PURE icon indicating copy to clipboard operation
PURE copied to clipboard

RuntimeError: CUDA error: device-side assert triggered

Open heyoma opened this issue 3 years ago • 5 comments

Hi, I'd run into "RuntimeError: CUDA error: device-side assert triggered" error when I attempted to run your code on a Chinese dataset. The log is as follows:

/pytorch/aten/src/THC/THCTensorIndex.cu:361: void indexSelectLargeIndex(TensorInfo<T, IndexType>, TensorInfo<T, IndexType>, TensorInfo<long, IndexType>, int, int, IndexType, IndexType, long) [with T = float, IndexType = unsigned int, DstDim = 2, SrcDim = 2, IdxDim = -2, IndexIsMajor = true]: block: [165,0,0], thread: [126,0,0] Assertion `srcIndex < srcSelectDimSize` failed.
/pytorch/aten/src/THC/THCTensorIndex.cu:361: void indexSelectLargeIndex(TensorInfo<T, IndexType>, TensorInfo<T, IndexType>, TensorInfo<long, IndexType>, int, int, IndexType, IndexType, long) [with T = float, IndexType = unsigned int, DstDim = 2, SrcDim = 2, IdxDim = -2, IndexIsMajor = true]: block: [165,0,0], thread: [127,0,0] Assertion `srcIndex < srcSelectDimSize` failed.
Traceback (most recent call last):
  File "run_entity.py", line 225, in <module>
    output_dict = model.run_batch(train_batches[i], training=True)
  File "/tf_group/lihongyu/PURE-main/entity/models.py", line 302, in run_batch
    attention_mask = attention_mask_tensor.to(self._model_device),
  File "/usr/local/lib/python3.6/dist-packages/torch/nn/modules/module.py", line 532, in __call__
    result = self.forward(*input, **kwargs)
  File "/tf_group/lihongyu/PURE-main/entity/models.py", line 65, in forward
    spans_embedding = self._get_span_embeddings(input_ids, spans, token_type_ids=token_type_ids, 
attention_mask=attention_mask)
  File "/tf_group/lihongyu/PURE-main/entity/models.py", line 41, in _get_span_embeddings
    sequence_output, pooled_output = self.bert(input_ids=input_ids, token_type_ids=token_type_ids,             
attention_mask=attention_mask)
  File "/usr/local/lib/python3.6/dist-packages/torch/nn/modules/module.py", line 532, in __call__
    result = self.forward(*input, **kwargs)
  File "/usr/local/lib/python3.6/dist-packages/transformers/modeling_bert.py", line 752, in forward
    input_ids=input_ids, position_ids=position_ids, token_type_ids=token_type_ids, inputs_embeds=inputs_embeds
  File "/usr/local/lib/python3.6/dist-packages/torch/nn/modules/module.py", line 532, in __call__
    result = self.forward(*input, **kwargs)
  File "/usr/local/lib/python3.6/dist-packages/transformers/modeling_bert.py", line 181, in forward
    embeddings = inputs_embeds + position_embeddings + token_type_embeddings
RuntimeError: CUDA error: device-side assert triggered

I have searched a few cases of this error on stack overflow, but still fail to make out what has happened. I drew the dimension of inputs_embeds, position_embeddings, token_type_embeddings, and it seemed to be nothing wrong(all of these is of [1, seq_len(>350), 768]) Thanks for your time.

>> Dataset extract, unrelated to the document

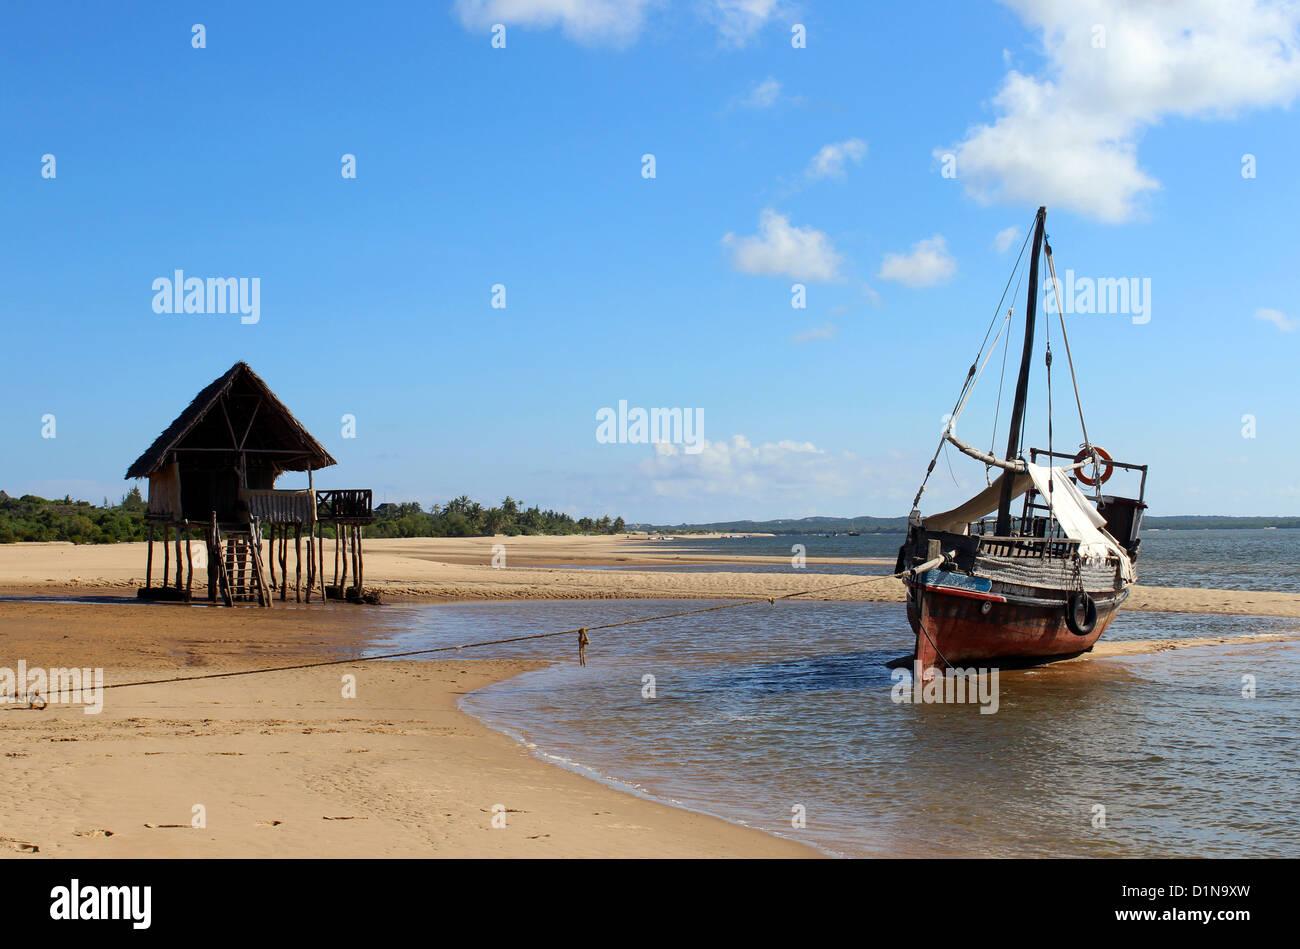 Strand und Ufer vorne an der Kipungani Explorer Beach Resort, Insel Lamu, Kenia, Ostafrika Stockbild

heyoma avatar Jan 17 '22 10:01 heyoma

I don't think there's something to do with the data I used. But I would one piece here.

{"clusters": [[]], "sentences": [["攀", "谈", "中", "我", "了", "解", "到", "衣", "裙", "出", "她", "的", "手", ",", "一", "针", "一", "线", "、", "一", "花", "一", "朵", "都", "是", "田", "边", "地", "角", "劳", "动", "之", "余", "飞", "针", "走", "线", "绣", "成", "的", "。"]], "ner": [[[7, 8, "Thing"], [10, 10, "Person"], [14, 22, "Thing"], [25, 28, "Location"]]], "relations": [[[10, 10, 7, 8, "Create"], [14, 22, 7, 8, "Part-Whole"]]], "doc_key": "dev.json_9"}

heyoma avatar Jan 17 '22 10:01 heyoma

Maybe the reason could be found in https://discuss.pytorch.org/t/solved-assertion-srcindex-srcselectdimsize-failed-on-gpu-for-torch-cat/1804/15. But I still have no idea~

heyoma avatar Jan 17 '22 10:01 heyoma

Hi! Have you tried to run our pre-trained models? I have never run into this issue before. I am wondering whether this is due to version mismatching of some libraries.

a3616001 avatar Jan 17 '22 23:01 a3616001

Hi, thank you for your reply. I have just made out what had happened. It was because some of my instances are too long. I discarded the sentences over 512 (I don't know the exact number), and it worked.

heyoma avatar Jan 19 '22 07:01 heyoma

Hi, would you please modify the code of file run_relation_approx.py and make it more friendly to max_seq_length? Unlike those lines in run_relation.py, I found nothing was done for sequences with token number > max_seq_length.

In run_relation_approx.py

line 154: 
    assert(num_tokens + 4 <= max_seq_length)

In run_relation.py

line 114~119:
    if len(tokens) > max_seq_length:
        tokens = tokens[:max_seq_length]
        if sub_idx >= max_seq_length:
            sub_idx = 0
        if obj_idx >= max_seq_length:
            obj_idx = 0

heyoma avatar Jan 20 '22 08:01 heyoma